Изменить размер шрифта - +
Бабуля была рада за тебя. Она два дня ходила с твоим письмом, хвастаясь каждому встречному…

На мгновение моё горло перехватывает, но я вдыхаю воздух поглубже.

— Два дня, да?

— Да. А на третий день к ней должен был заехать кто-то из местных. Вроде молочник, отвезти сыра и молока. Он её и нашёл…

— Я поеду туда сейчас же. Только соберусь в дорогу.

Андерс отрицательно качает головой:

— Это слишком опасно.

— Вот как?
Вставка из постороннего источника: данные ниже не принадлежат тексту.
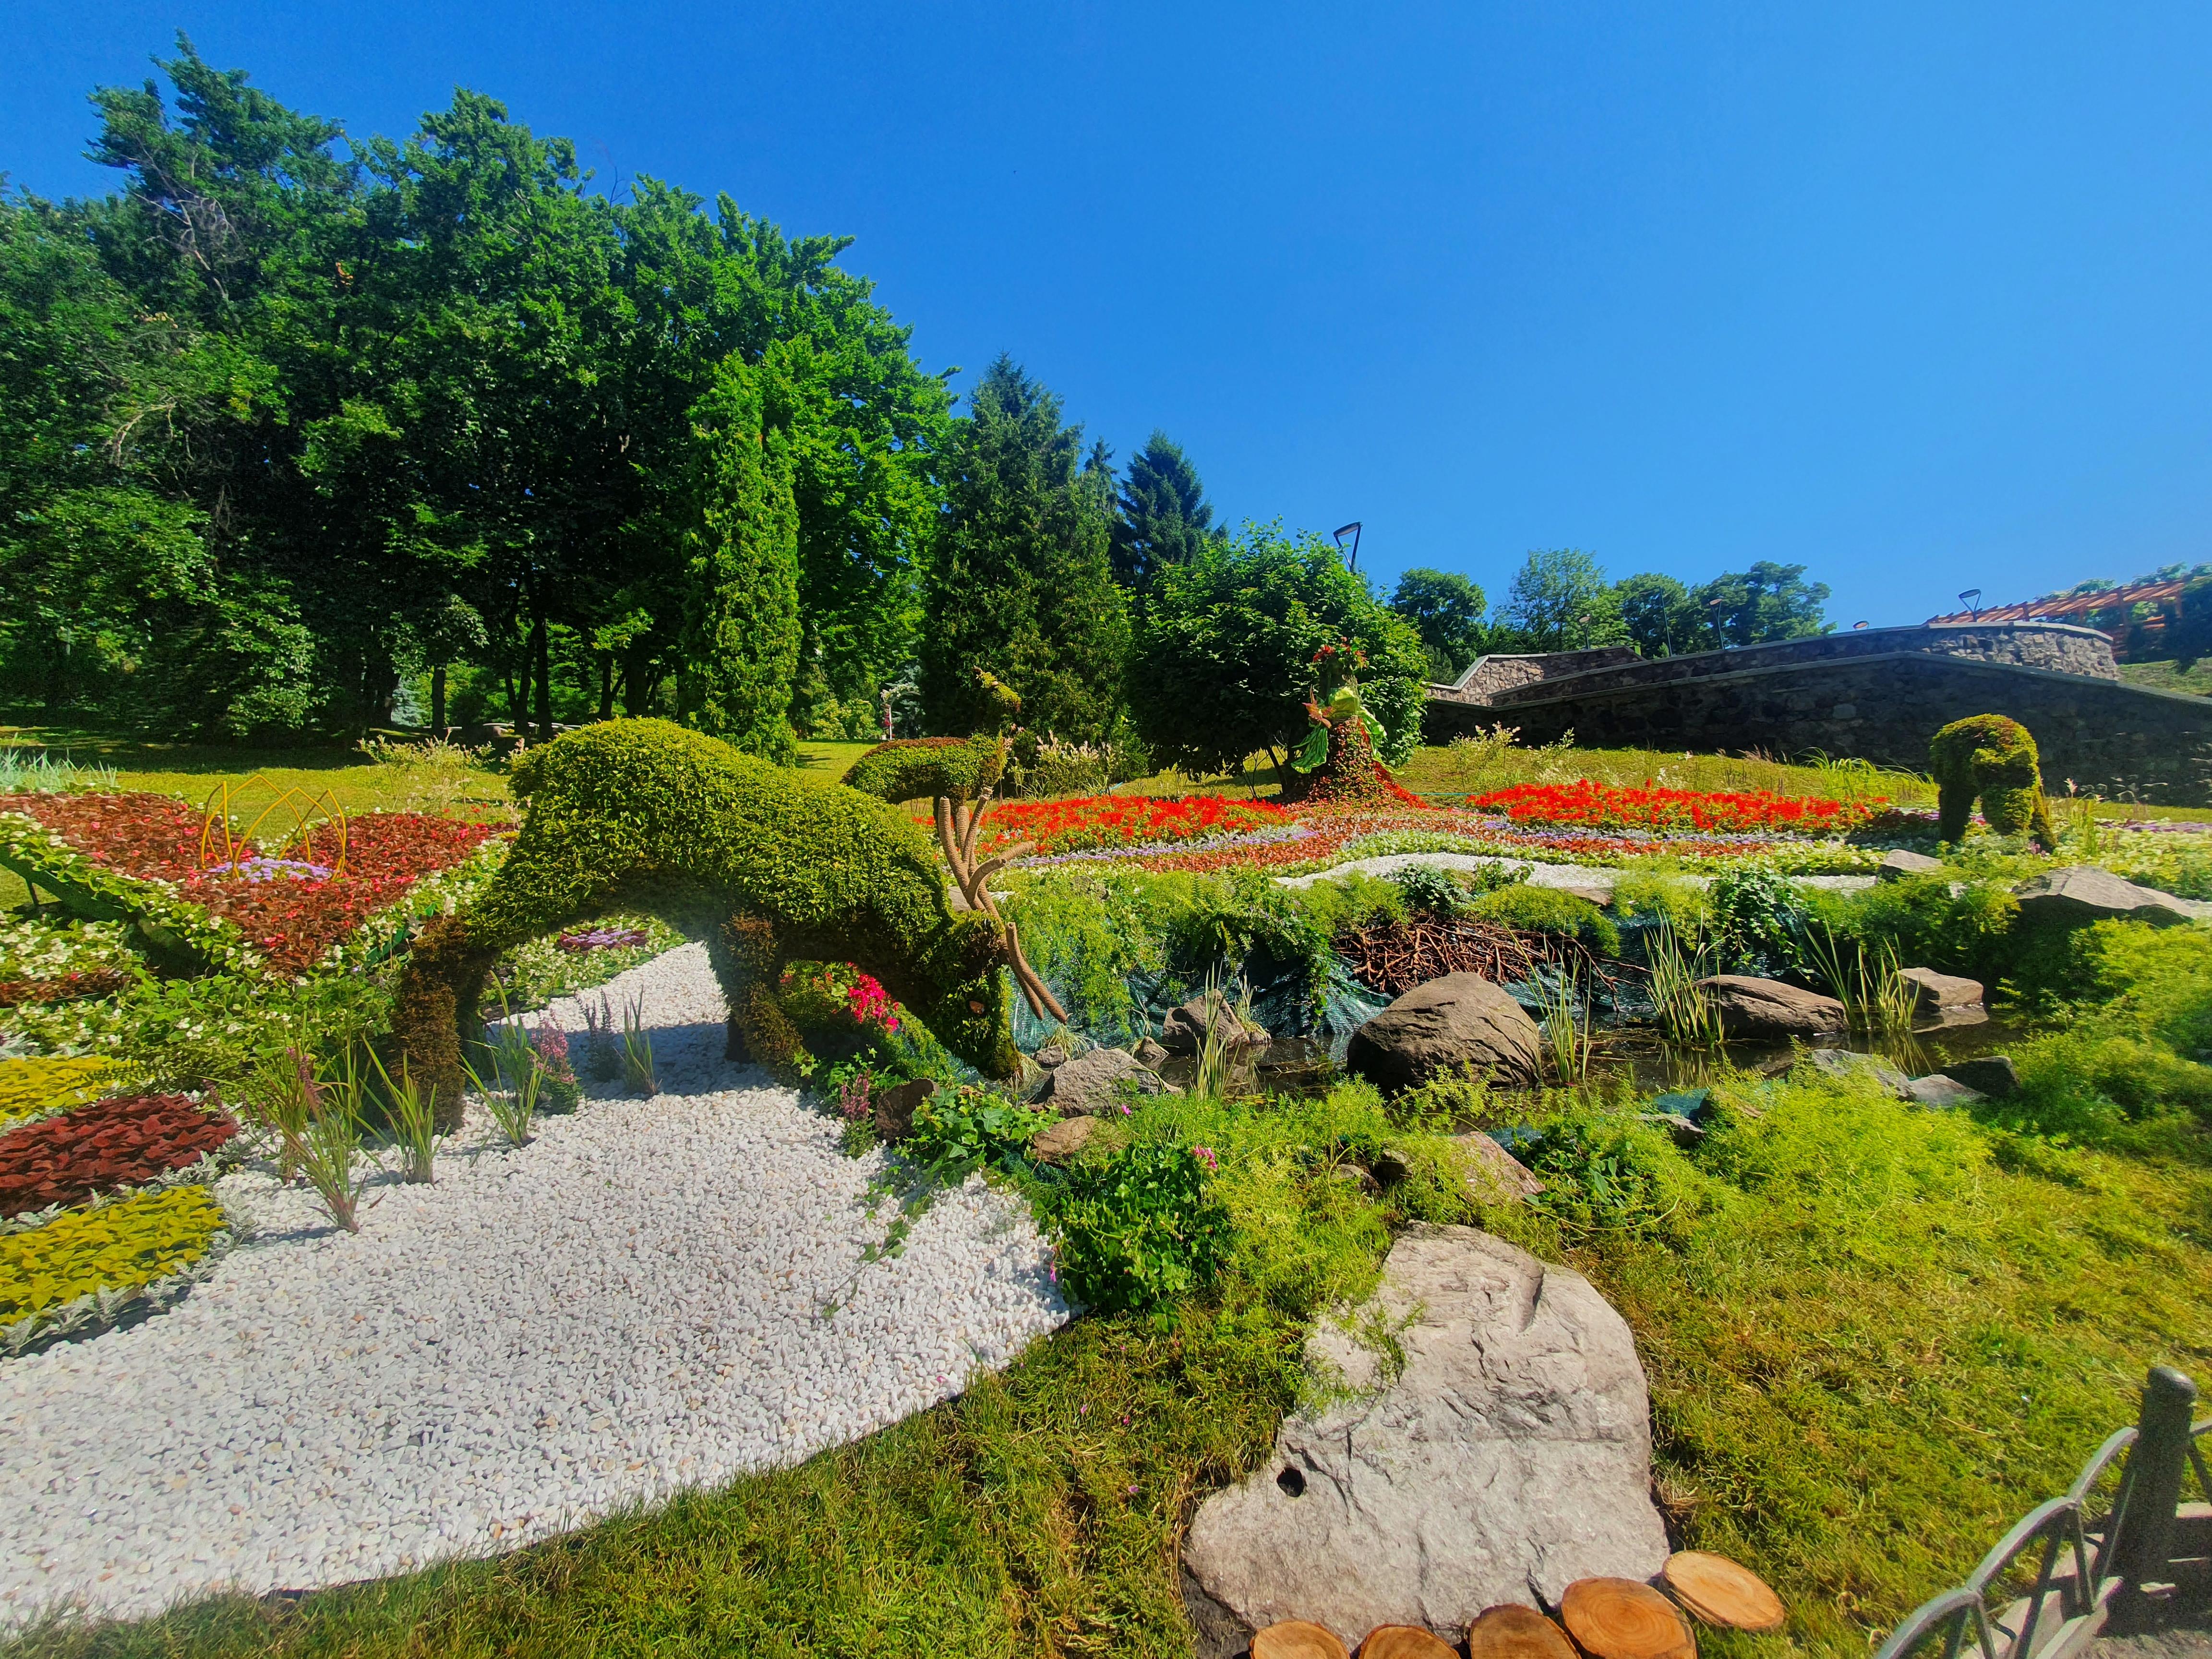 Дикие животные в центре Киева: в столичном парке стартовала летняя выставка цветов — фото 2

Скажи ещё, что никто из местных туда не сунется.

— Так и есть.

— Трусливые шавки.

Я отсылаю Андерса прочь и переодеваюсь в костюм для прогулок: платье более простое, из тёмно-коричневой шерсти, серый широкий пояс и добротный плащ. Мне не нравится то, что я вижу в зеркале: слишком уныло. Ни одного яркого пятна. Радует лишь то, что под платьем простушки волнительное кружево алеет красным. Я бы не выжила в этом царстве серости и уныния без живительного цвета.

Андерс слоняется на первом этаже и пытается отговорить меня ехать к домику бабули.

— Меня очень долго здесь не было. Я обязана побывать у бабули. Во что бы то ни стало.

— Ты не понимаешь, Аманда.

— Да. Я не понимаю. Но хочу понять. Боишься? Оставайся здесь. Тебя никто не зовёт с собой. Я только лошадь возьму на время у твоего отца.

Андерс остаётся на первом этаже, когда я выхожу из дома и иду к конюшне. Андерс стоит на пороге, когда я, взобравшись верхом, направляю лошадь на выход со двора.

— Стой!

Андерс спешно кидается в конюшню и выводит коня под уздцы.

— Чёрт бы тебя побрал, Аманда. Ты перевернёшь с ног на голову весь Вольфах. А ты ведь только приехала…

Я равнодушно киваю, стараясь не показывать, что на самом деле я рада даже такому спутнику, как Андерс. Наши лошади резво скачут по улицам города и выезжают на окраину.

— И лучше бы тебе остаться дома. Отведала бы чаю и булочек с корицей. У отца они всегда получаются отменные.

Андерс не оставляет попыток отговорить меня на всём протяжении пути. Я отмахиваюсь от него, погружаясь в воспоминания. Они едва ли не топят меня в себе, когда передо мной в конце тропы возникают очертания двухэтажного дома бабули.

Мы привязываем лошадей и ступаем на территорию двора. Лошади неспокойны: прядут ушами и перебирают ногами на месте. Я переступаю порог родного дома, удивляясь тишине. Раньше здесь никогда не было так тихо. Бабуля либо напевала себе под нос, либо болтала сама с собой, отчего некоторые крутили пальцем у виска, мол сумасшедшая. Дурачьё. Они просто не знали, что бабушка не любила тишины.

В ноздри бьёт запах — неправильный, такой, которого не должно здесь быть. Предметы внизу перевёрнуты, словно кто-то подобно урагану пронёсся по первому этажу. И, ломая ступени лестницы, местами разнося перила в щепки, поднялся наверх. Я осторожно ступаю по лестнице, отмечая лишь, что неприятный, тяжёлый запах лишь усиливается. И, переступив порог спальни, замираю: простыни порваны, огромное коричневое пятно засохшей крови прямо посередине.

— Чёрт…

Взгляд обводит комнату: стена у изголовья кровати вся забрызгана кровью. Капли крови даже на потолке. Но хуже всего тошнотворный запах, густой, словно мою бабулю выпотрошили буквально перед моим приходом. Комок поднимается к горлу, и я пулей лечу на выход, чтобы оставить на траве у дома свой завтрак.

 

Глава 4. Аманда

 

— Я же говорил, — безостановочно повторяет Андерс всю дорогу до дома.

— Заткнись, — беззлобно кидаю ему я.

Шок от увиденного уже прошёл, а прохладный воздух начала ноября немного выветрил мерзкий запах, будто впитавшийся в кожу. Не доезжая до города, я сворачиваю на кладбище и навещаю могилку бабули.